I have listed a few below in quotes as well as with the webpage address from where it was taken :)

Feed a varied diet and feed them more along the lines of their natural food - crustaceans, insects and greens - rather than so much processed food which disintegrates quickly and clouds the water. They love Earthworms - once they get over being frightened of them! oscar


Diet: In the wild approximately 60% of their diet is insects. The rest is a mix of smaller fish, frogs, and vegetable matter. In the aquarium we recommend a staple of high quality cichlid pellets such as OSI or Omega. Besides pellets, Oscars should receive a wide variety of foods such as crickets, worms, frozen beef heart, chicken liver, small crayfish, shrimp,cooked peas and carrots. A school of thought gaining in popularity recommends using a vitamin supplement on the Oscars food periodically to prevent Hole in the Head disease (HITH). The Oscar Spot - What Are Some Details About Oscars?
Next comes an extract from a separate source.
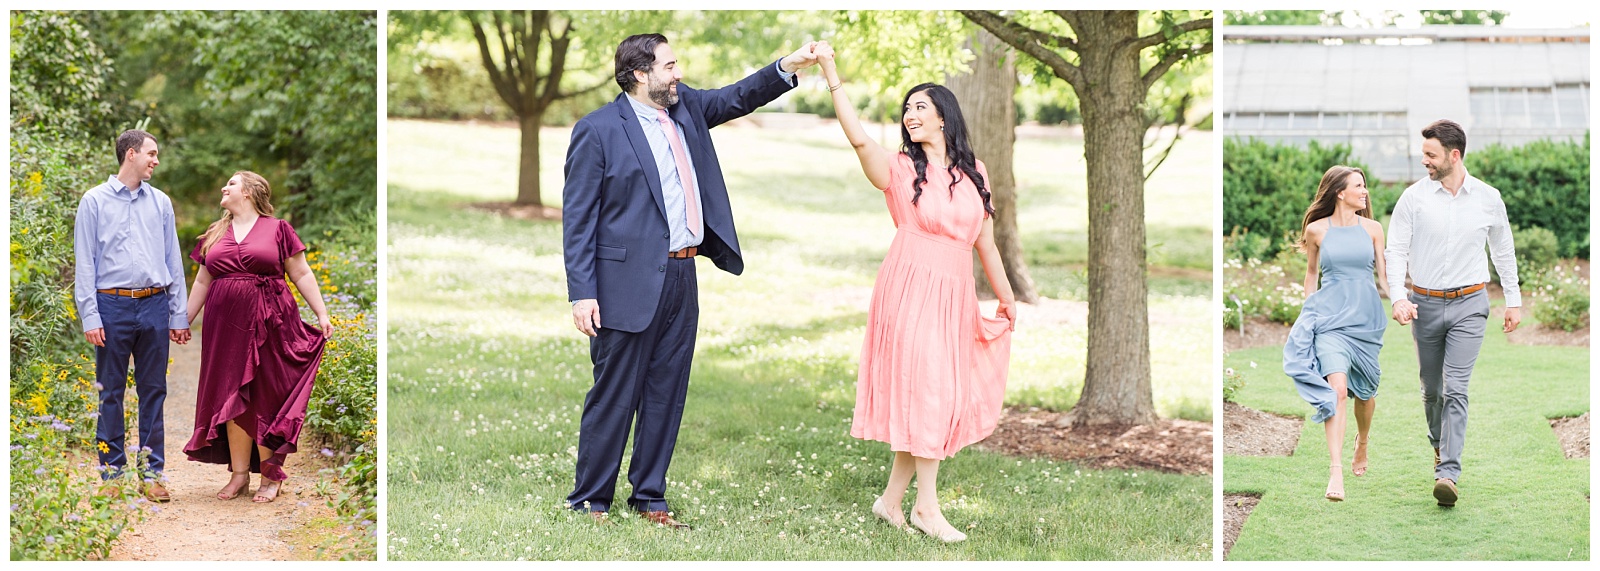 engagement session outfits with long flowy dresses and fabrics that move, spin, and twirl

Omega One is a good product, problem is that oscars don't usually eat flake food. Try their small cichlid pellets, my oscar inhales them. Pick up some frozen beefheart, feed that a couple of times a week. Veggies are good as well, oscars are not strict piscavores, and need some vegetable matter to avoid constipation & bloat. Most any frozen veggie is good, avoid corn.

Mine gets fed zuccini, veggie pellets, & spirulina tablets, as well as peas, green beans, carrots, or whatever we may be making as veggies for dinner. Make sure any veggies don't have any butter or any other sauce. Try to make the pellets a staple, with the beefheart & veggies a couple of times a week. Avoid feeders, any found at any shop will eventually carry disease, they are not a necessary part of an oscar's diet. 2Pt. Question>What is the Best way to take care of oscar fish? why is he losing color?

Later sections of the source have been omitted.